Soprano Yasko Sato - 佐藤康子 (credit: Yoshinobu Fukaya - 慶喜 不可や)

Interview with soprano Yasko Sato, starring in “Madama Butterfly” at The Atlanta Opera

Melinda Bargreen | 21 OCT 2022

At first, Yasko Sato (佐藤康子) didn’t know anyone in the cast when she arrived for rehearsals of The Atlanta Opera’s upcoming Madama Butterfly.

Now, she feels surrounded by good friends.

“The singers are amazing,” Sato said in a phone interview. “Now I have the best colleagues, and it’s a very friendly atmosphere. They’re such great people to sing with, I feel this is a production not to be missed!”

Sato already has worked with the production’s stage director Tomer Zvulun, whom she first met in 2018 at the Wexford Festival in Ireland. Now she is absorbing his insights into Madama Butterfly. Zvulun, Sato says, has made “very useful suggestions to illustrate the relationship between our characters. He shows us how a short break in the score can express an almost frozen atmosphere.”

And Sato is herself a Butterfly expert, authoring in Japan a work discussing Puccini’s revisions in the score and the subsequent evolution of the title character, Cio-Cio San. She earned a doctorate “with highest honors” at the Tokyo National University of Fine Arts and Music and won first prize and the audience award in the Music Competition of Japan in Tokyo.



“Puccini changed it many times,” she says of the opera, “and created many versions. Studying these changes was excellent for my understanding of the role.”

Her first performance as Cio-Cio San came in 2008, in Sabadell (Spain), as first-prize winner of the IX Concurso Internacional de Cant “Jaume Aragall.”

Yasko Sato as Cio-Cio-San (Seattle Opera, 2017)

Yasko Sato as Cio-Cio San (Seattle Opera, 2017)

“The first time was awful,” Sato confesses now. “I loved this role, but it was so huge in technique, in acting, in approach, and understanding Cio-Cio San. It was so challenging! This role can be intimidating.

“My approach is constantly changing. As time goes by, my body is also changing. My throat position and diaphragm are different. I’m 44 years old now, and I make different physical adjustments for my voice to remain healthy. It’s very important, and also difficult. But every time I sing Cio-Cio San in a new production with new colleagues, I learn something new. Every one gives me more understanding of this wonderful and terrible role.”

One question that frequently surfaces in our time is the issue of cultural appropriation in opera, particularly when Caucasian singers perform roles written for singers of another ethnicity. How does Sato feel about non-Japanese singers portraying Cio-Cio San?



“I don’t think singers should necessarily be Japanese to sing Butterfly,” she replies. “But the singer who interprets this role will have to learn to move with elegance and in the right style.
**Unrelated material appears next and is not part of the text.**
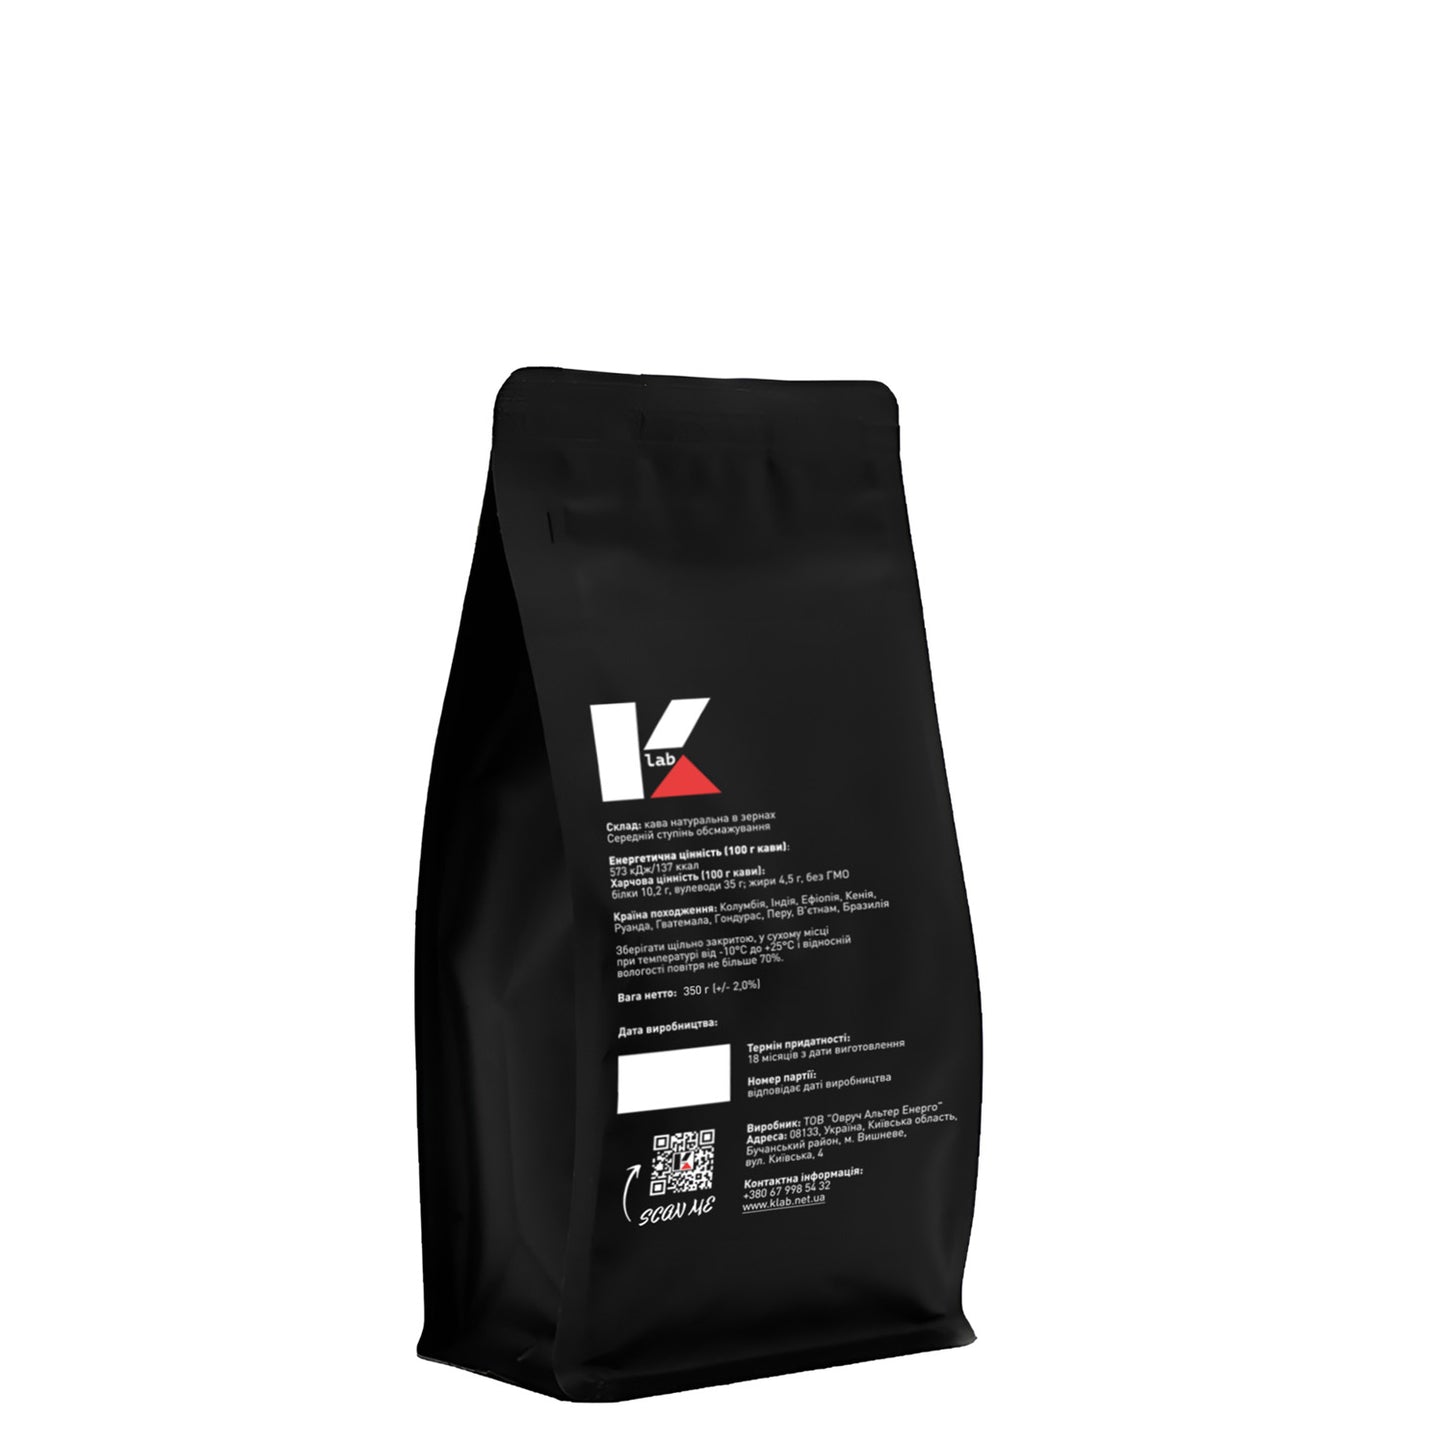 COFFEE STORY №4 - Klab (0.35kg back)

For example, Pinkerton says Cio-Cio San is mild and graceful, like the fluttering of butterfly wings. This is not easy to convey, even for Japanese singers. It needs training in geisha movement to move the right way.

“Butterfly is 15. At that age, a singer cannot sing this role. It’s much too difficult. So, we must have older singers who can act younger.”

Fortunately, Sato believes her voice is better now than when she first started her career.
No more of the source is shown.